В пустынной зале, отведенной под совещание глав города, было холодно, несмотря на полыхающий огонь в камине. Мирей сидел в кресле перед огнем, не глядя на застывшего рядом Хранителя. Правитель выглядел очень уставшим. Почти таким же как и Лаер, не поднимающий взор от ковра. В основном потому, что глаза его были все еще пугающе-нечеловеческие. Хранителю хотелось сесть, а лучше лечь, но он даже не шевелился в присутствии венценосной особы. И это ему начинало надоедать. В основном потому что он был уже невероятно истощен своим бессилием. И постоянными думами об Уне. Пленники не сказали ничего путного. Даже тот старец, на котором не висела клятва и который, видя смерть своих братьев, и то как Лаер подвергает одного сумашествию, мужественно стерпел все немалые пытки Хранителя. Все же он заставил Лаера проявить к себе уважение. Хранитель любил преданных людей, и сейчас жалел, что оказался с этим храмовиком по разные стороны баррикад. Кашлянувший Мирей вернул рассеявшееся внимание Лаера. Хранитель покачнулся, явив собой жалкое зрелище покорности и верности до гробовой доски, что и обожал правитель.

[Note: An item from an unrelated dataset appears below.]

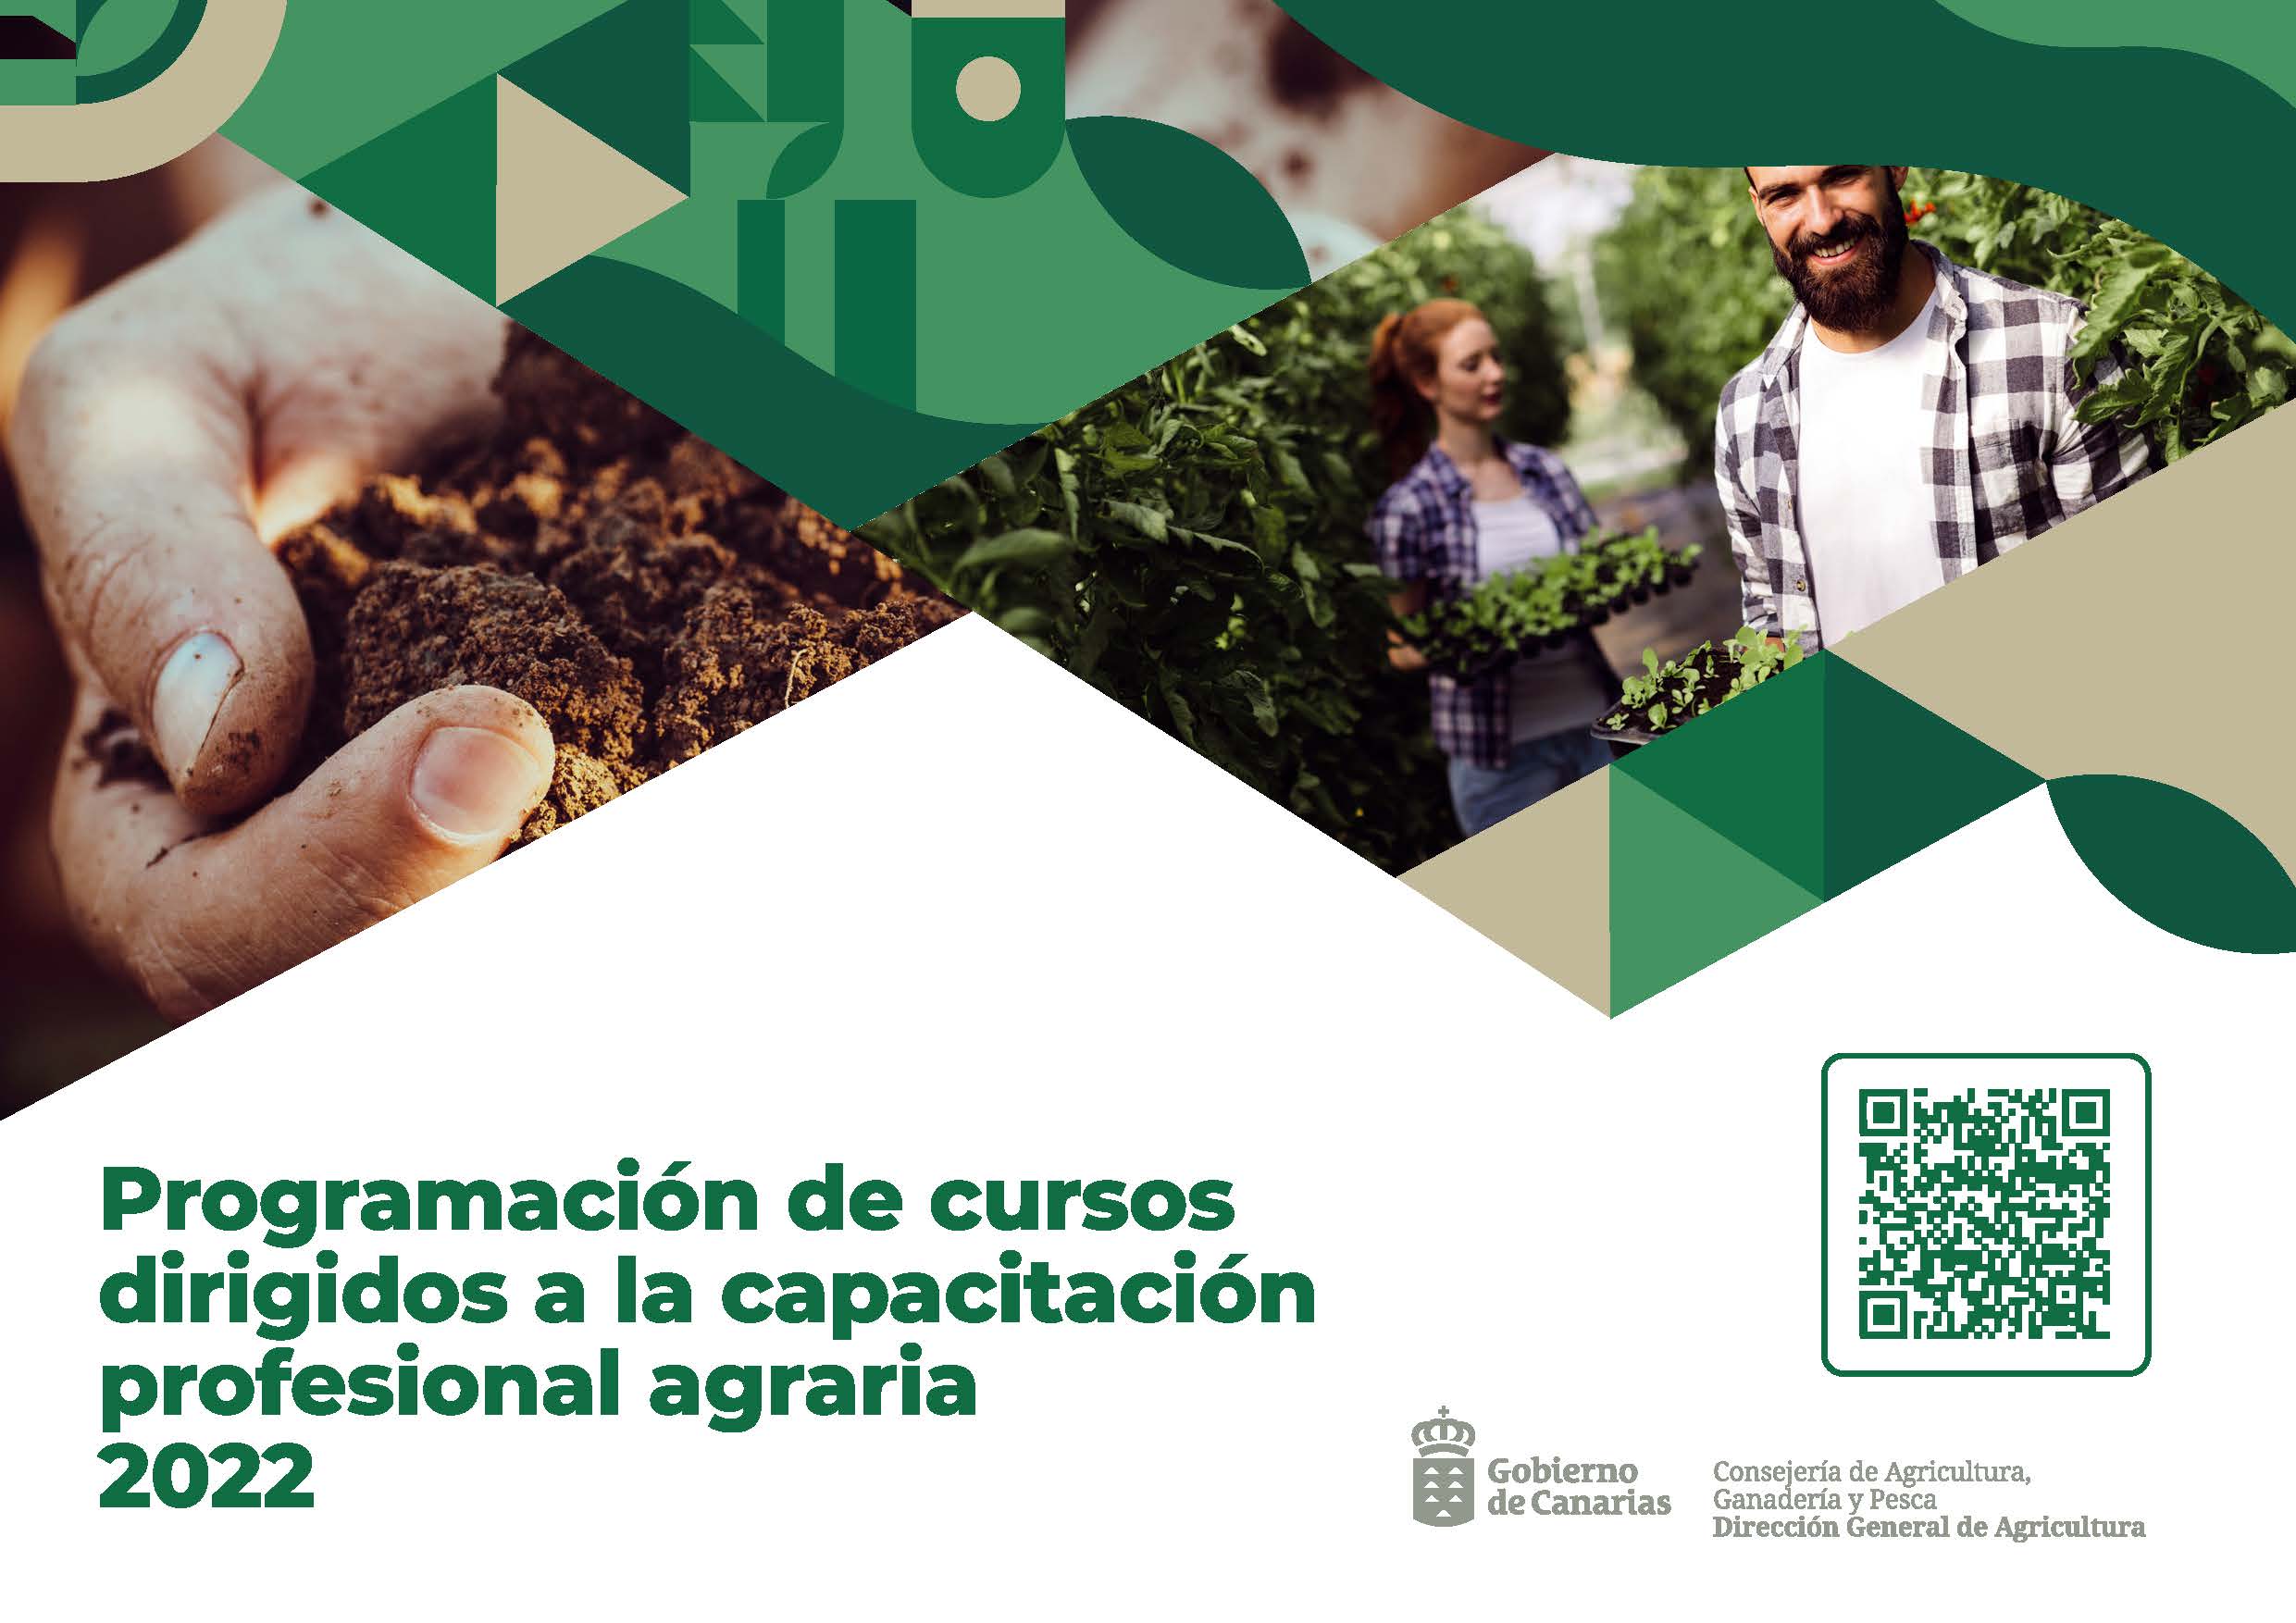 Programación de cursos dirigidos a la capacitación profesional agraria 2022

— Я жду объяснений, Лаер. И постарайся быть как можно более убедительным.
Объяснений он ждет… Жди дальше. Лаер исподлобья устало покосился на благородный профиль Мирея.
— Скажи старец, не упрямься, не калечь сам себя. — Лаер опустился на корточки подле связанного пленника, заглядывая в мутные голубые глаза даже с некоторой почтительностью. Так долго, на его памяти, тройную вязь боли еще никто не выносил.
— Боль тела — не боль души. Что искренне ранит меня так это слепая вера Хаосу в твоих глазах. — Старик сплюнул сгусток крови, и с не поддельной, всепрощающей жалостью взглянул на Хранителя.